I still think Mr. Voldemort looks sweet, and tender, and that he would be the kind of husband every woman dreams of.
And Mrs. Voldemort -- well, that’s not the greatest picture of her. She was beautiful and funny and incredibly witty, from what I’ve heard. She was tall, with huge boobs (everyone mentions this,)
 and could light up a room with her one-liners and zingers.
She lived in New York City, by herself, in an apartment in the village, in 1960. Not many women did that. She was a reporter and a fashion writer, and was apparently good at it.
He was, of course, an actor. And very good at it. Charmed the pants off everyone around him. Literally.
And yet here we are, fifty years later.
Together, they’ve created messes that spawn three generations, and that include prison, fraud, stays in mental hospitals, arson, stints with the mafia, identity theft, more prison, child neglect, three marriages, at least five children and maybe seven or eight, and the spending of LOTS of money. 
A game show prize of $50,000, spent in a flash. Alcoholism, and drug abuse, and murmurs of spousal abuse. An episode of America’s Most Wanted. A flight to the Bahamas, where there’s no extradition. A cross-country road trip designed to steal money in five states.
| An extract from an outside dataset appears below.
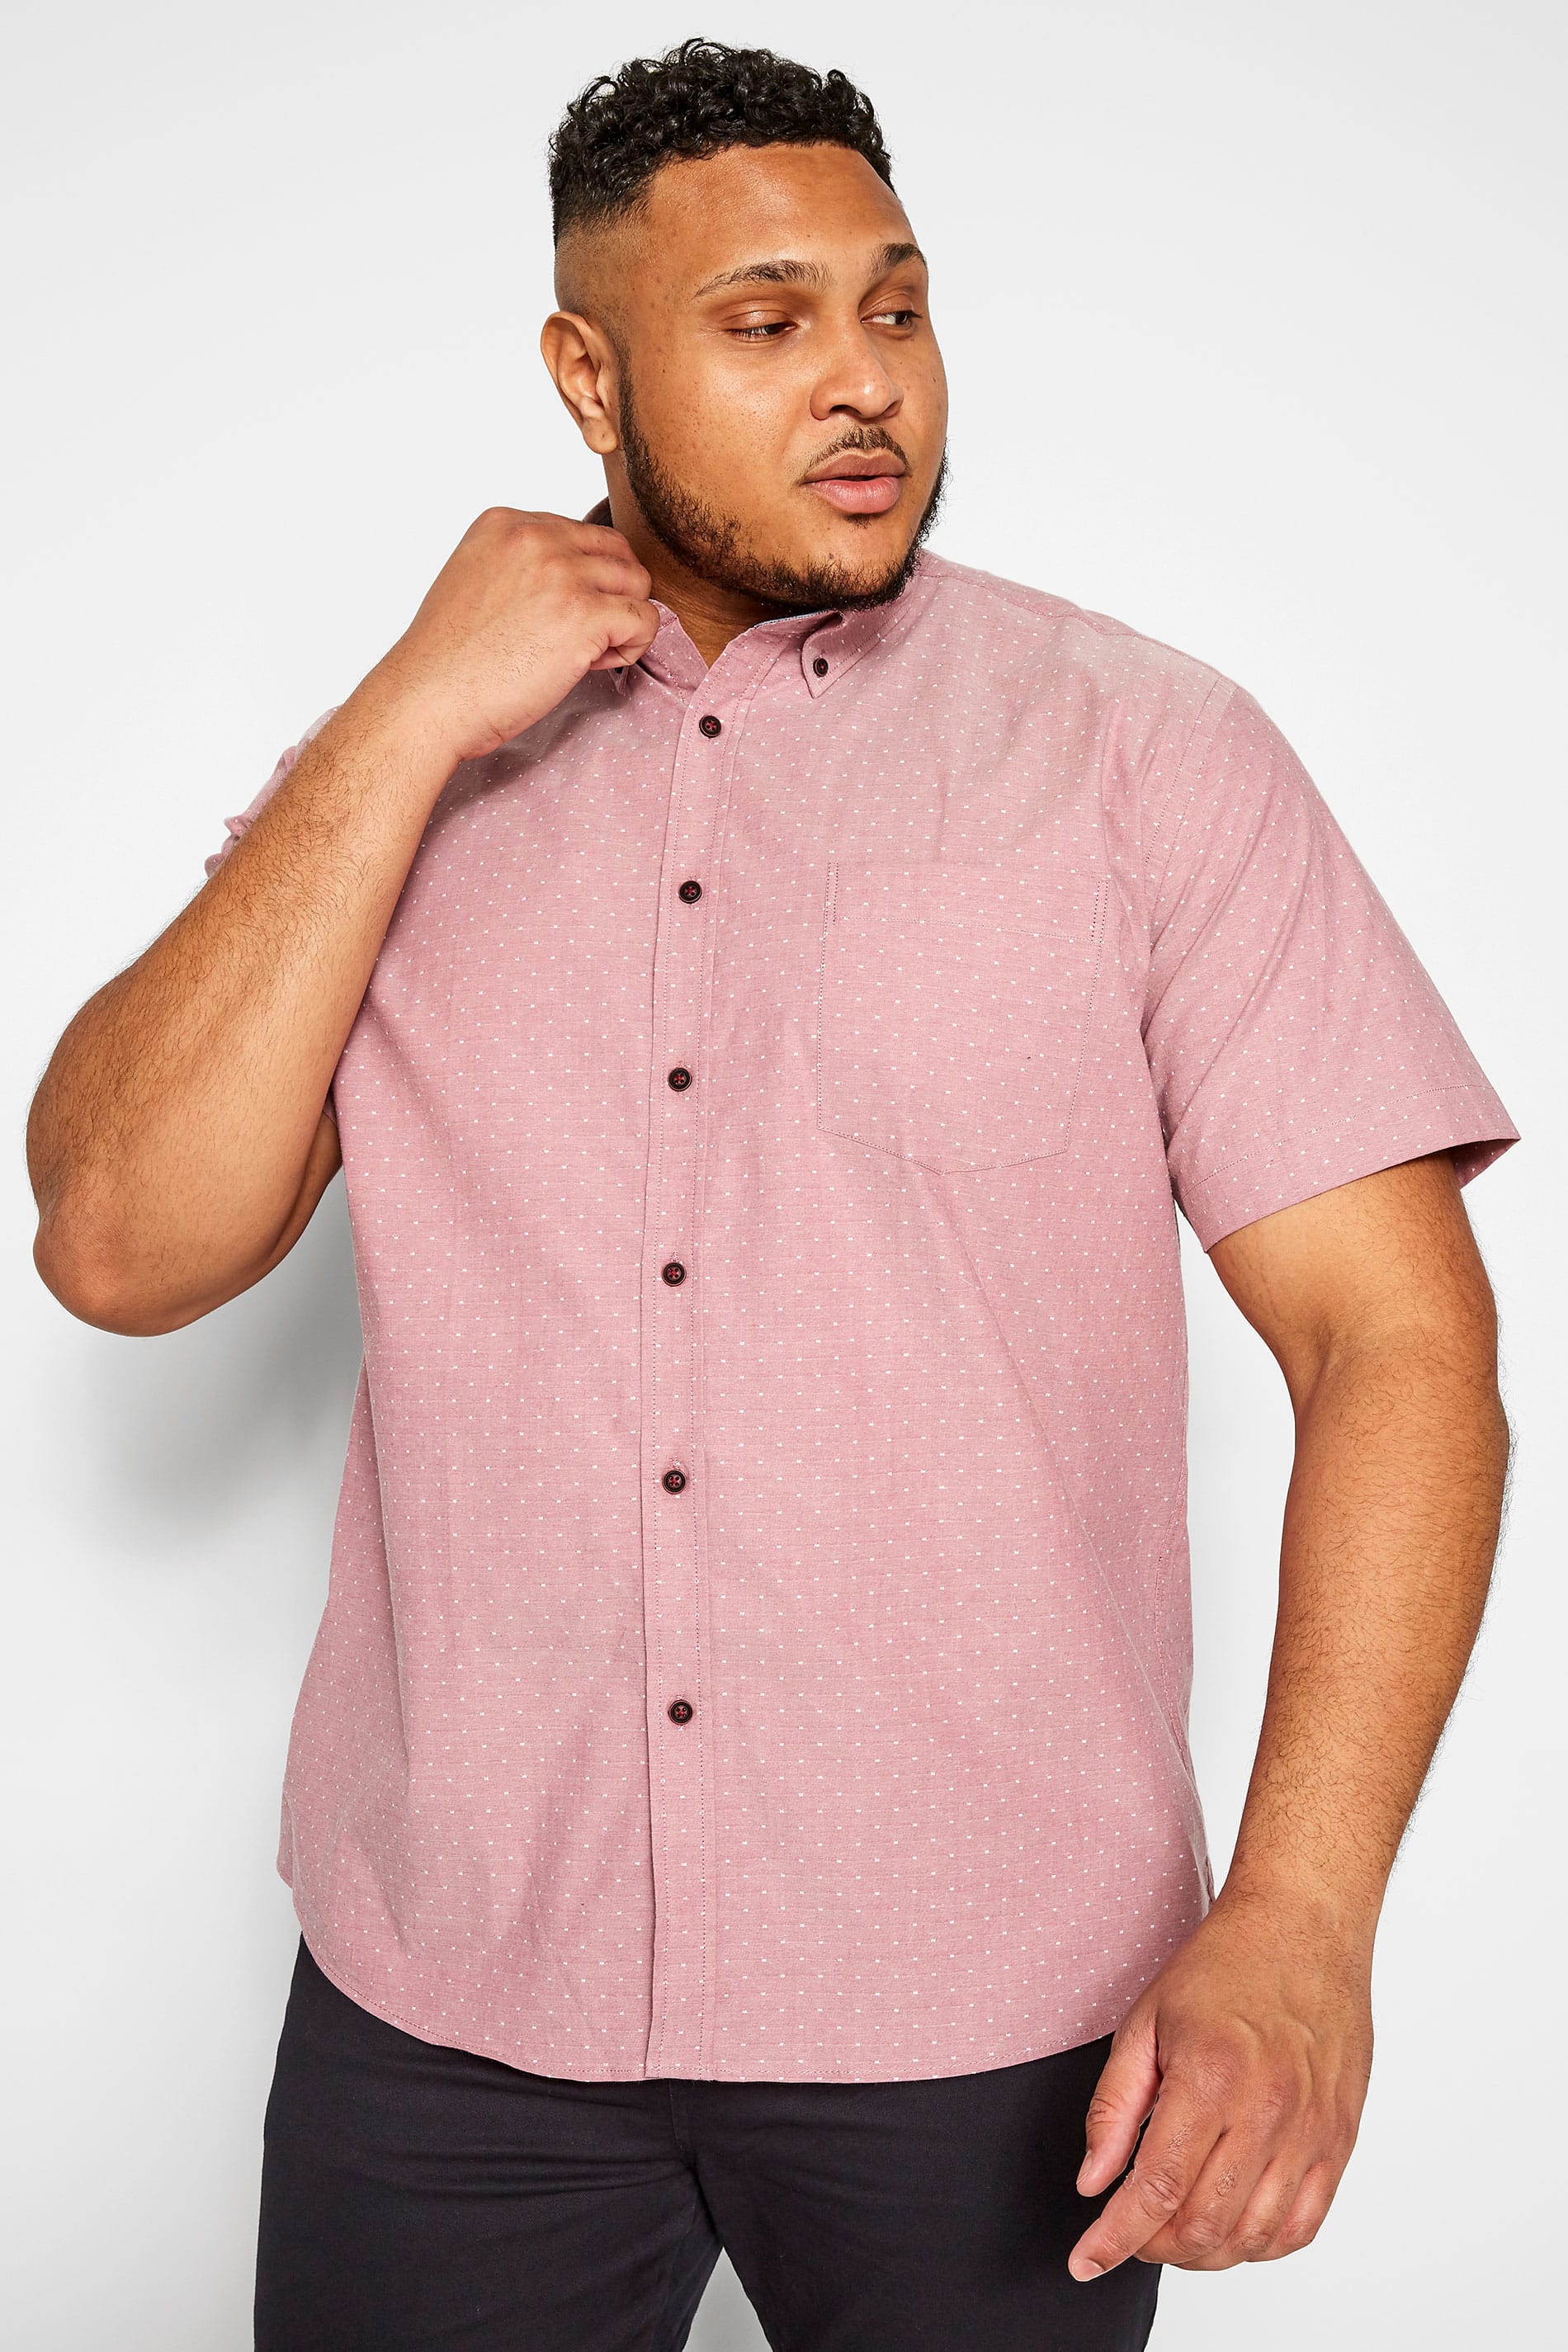 KAM Pink Printed Premium Shirt_235b.jpg

Theft in a Paris apartment. Children in foster care in England.
A house burnt down in the Adirondacks. Another in California.
Theft from family members. Rediscovered children.
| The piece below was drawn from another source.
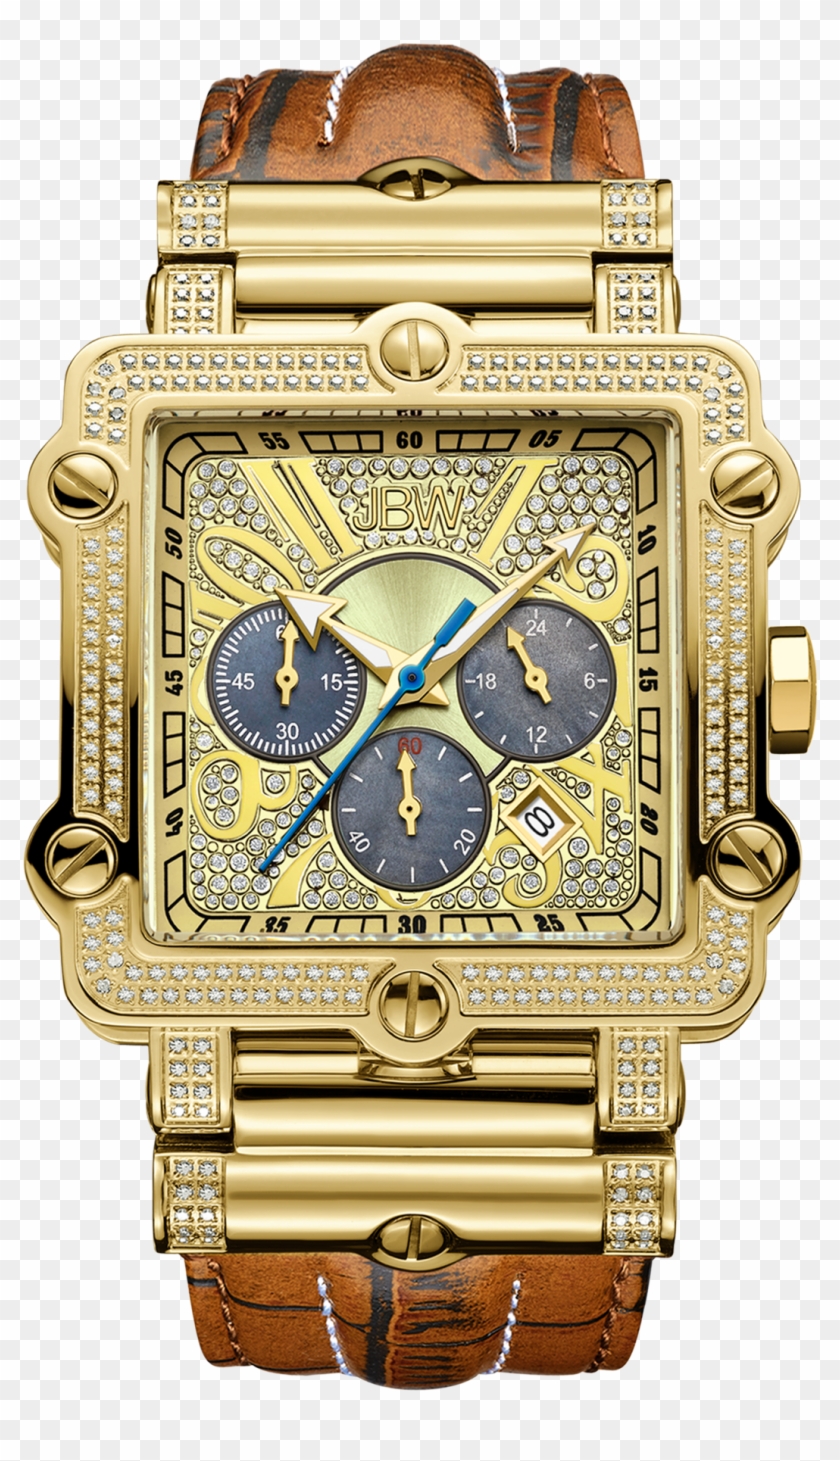 Phantom Watch, Jbw Watches - Jbw Watches Clipart #1418463

Polaroids of naked women in the shower. Stepchildren.
Attempted murder. More time in jail. Abandoned children. Children given up for adoption. Mistresses. Moves cross-country, in a fit of pique.
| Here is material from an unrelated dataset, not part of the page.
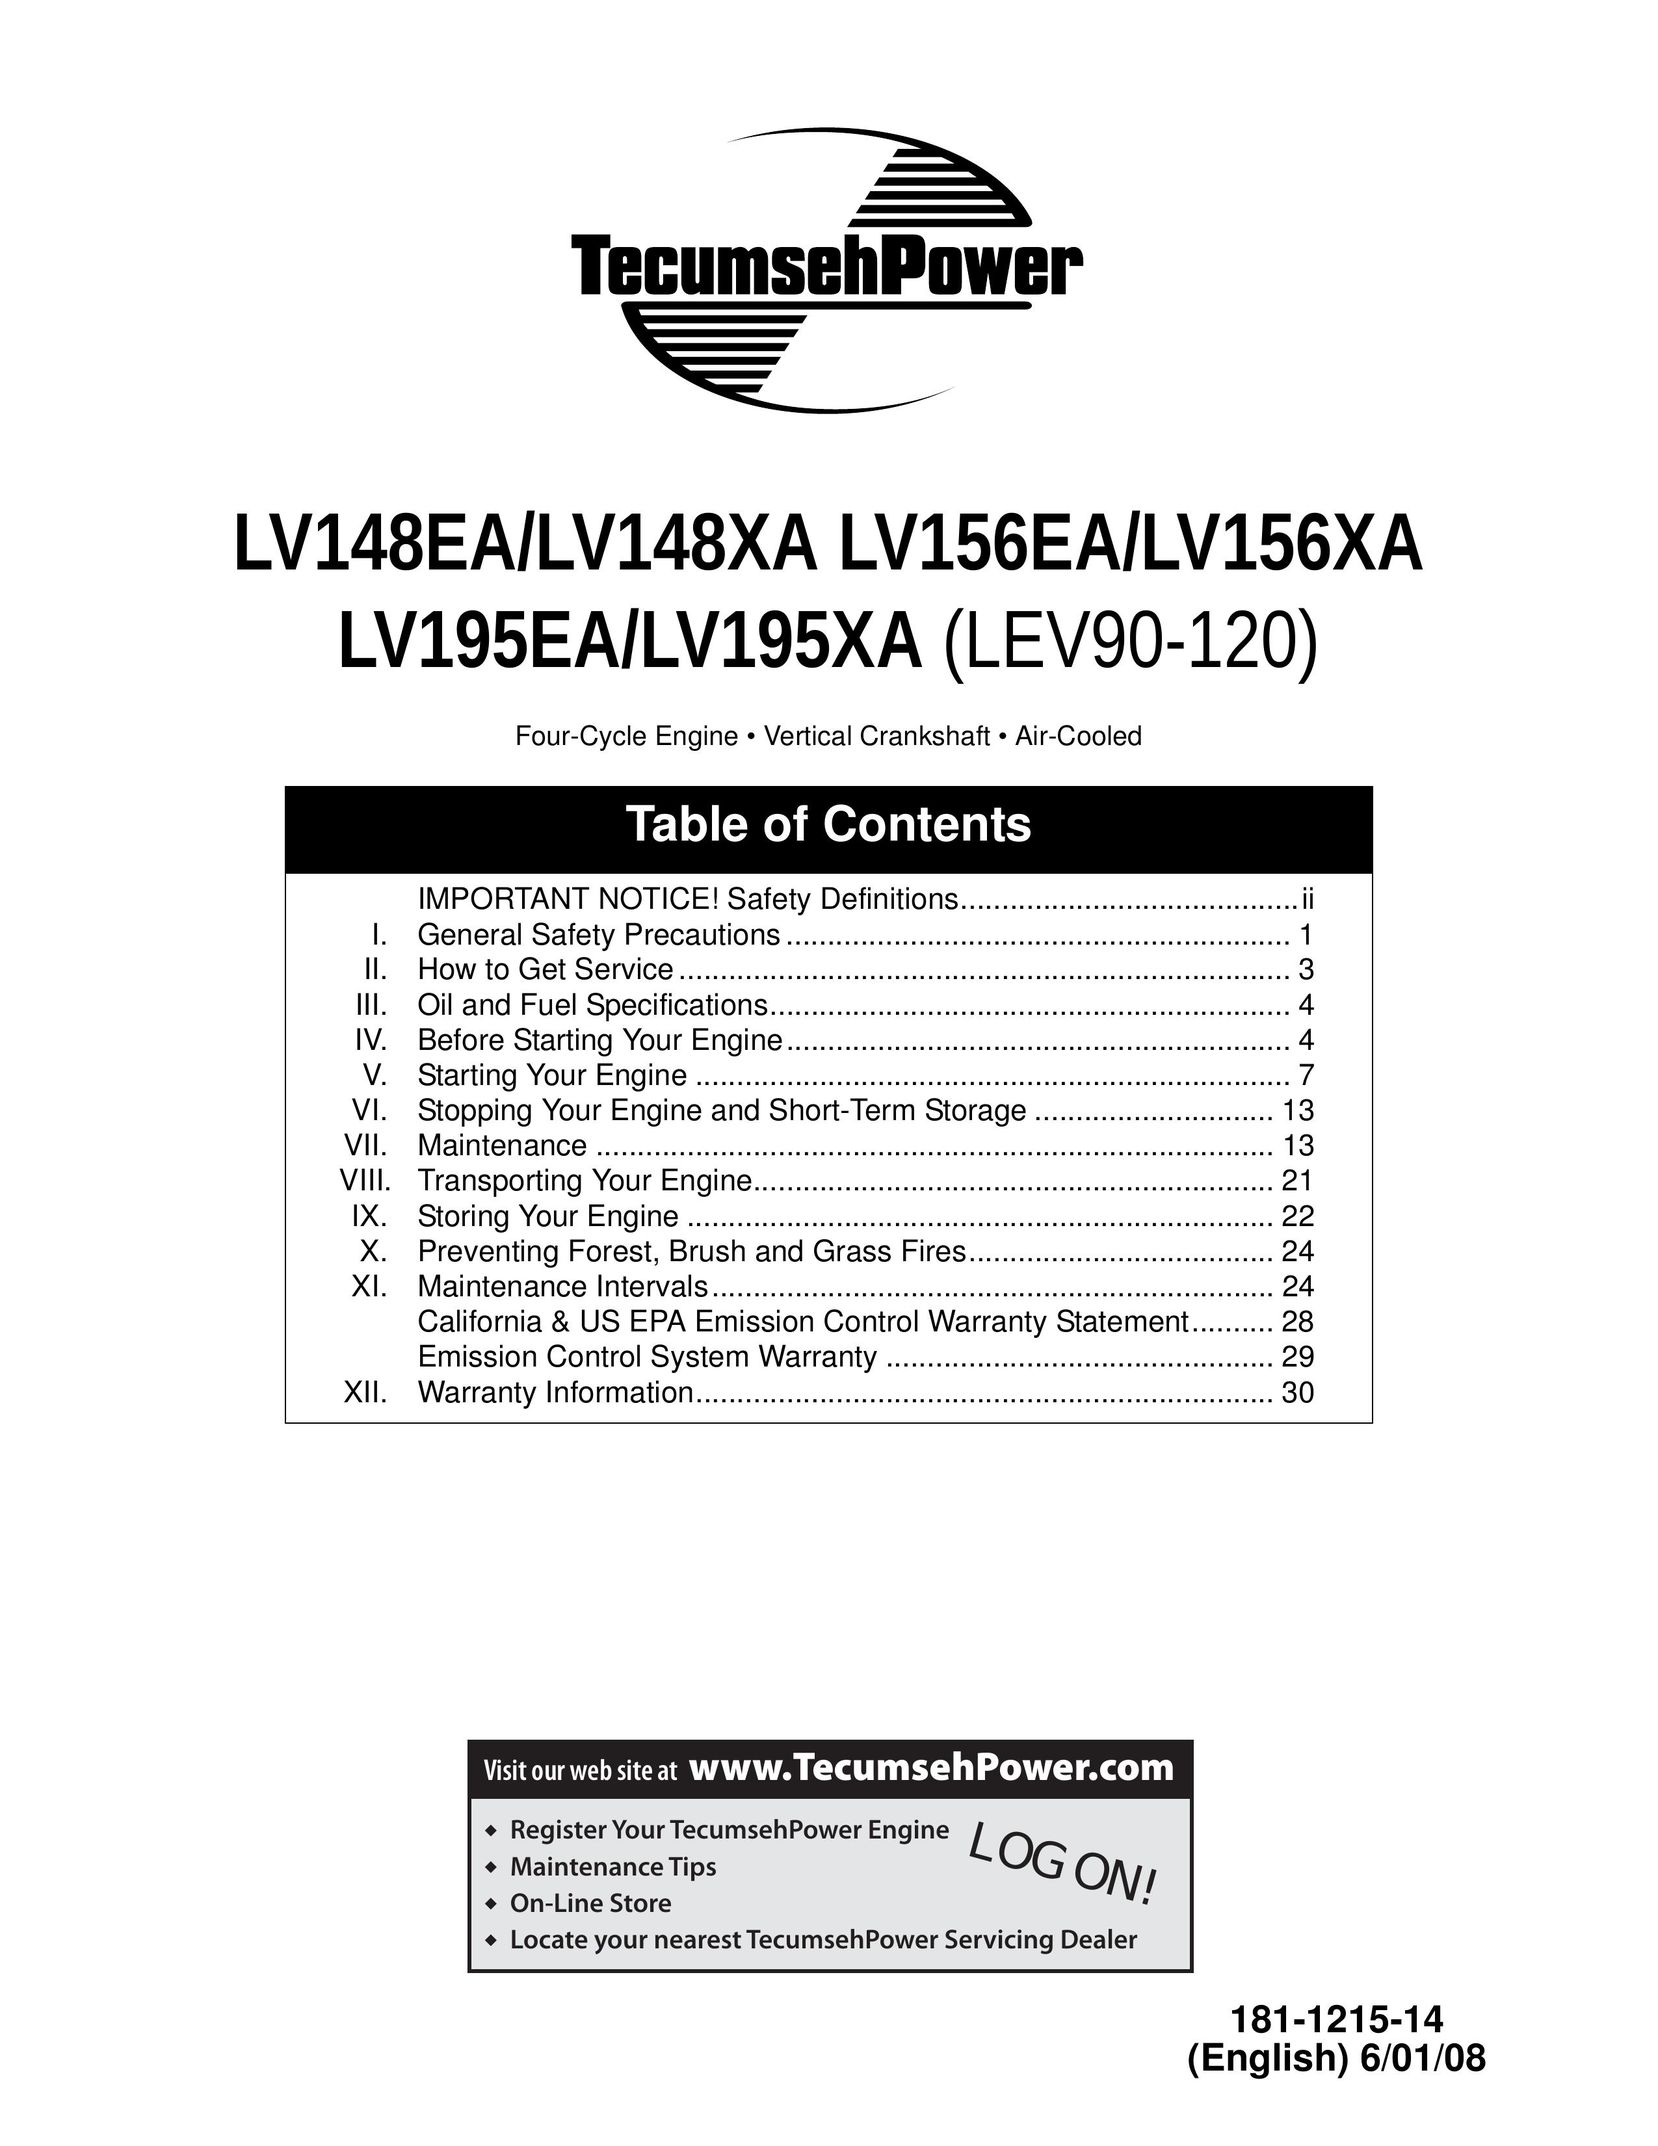 Tecumseh LV148EA Fan User Manual

They separated in 1980. Fought bitterly until they finally divorced in 1994. Remarried ten years later.
And now, retirement comes for Mr. and Mrs. Voldemort.
It’s not pretty. But who thought this would have a happy ending? Voldemort does not go quietly, and the missus even less so.
There has been a car accident, and a broken pelvis, maybe, or maybe not. Allegations of guilt, and of blame, and of “He’s mean to me,” or “She’s awful.”
In theory, they’re growing tomatoes and working on plays and fixing up a house. In reality, you couldn’t pay me enough to spend a month under the same roof with them, although it would certainly give me enough fodder for my novel.
But the bad guy has to go out in a bad way, right? It almost wouldn’t be fair to see them live out their lives in peace and prosperity on a little farm.
But man, it’s still hard to watch. Easier to read the summation at the end of a fairy tale than to watch them get old, alone and unmourned.
What was it Captain Hook said to Peter, the good-looking boy who never grew up? “You’ll die alone and unloved, just like me.”
Perhaps the fictional Voldemort had the easier way out.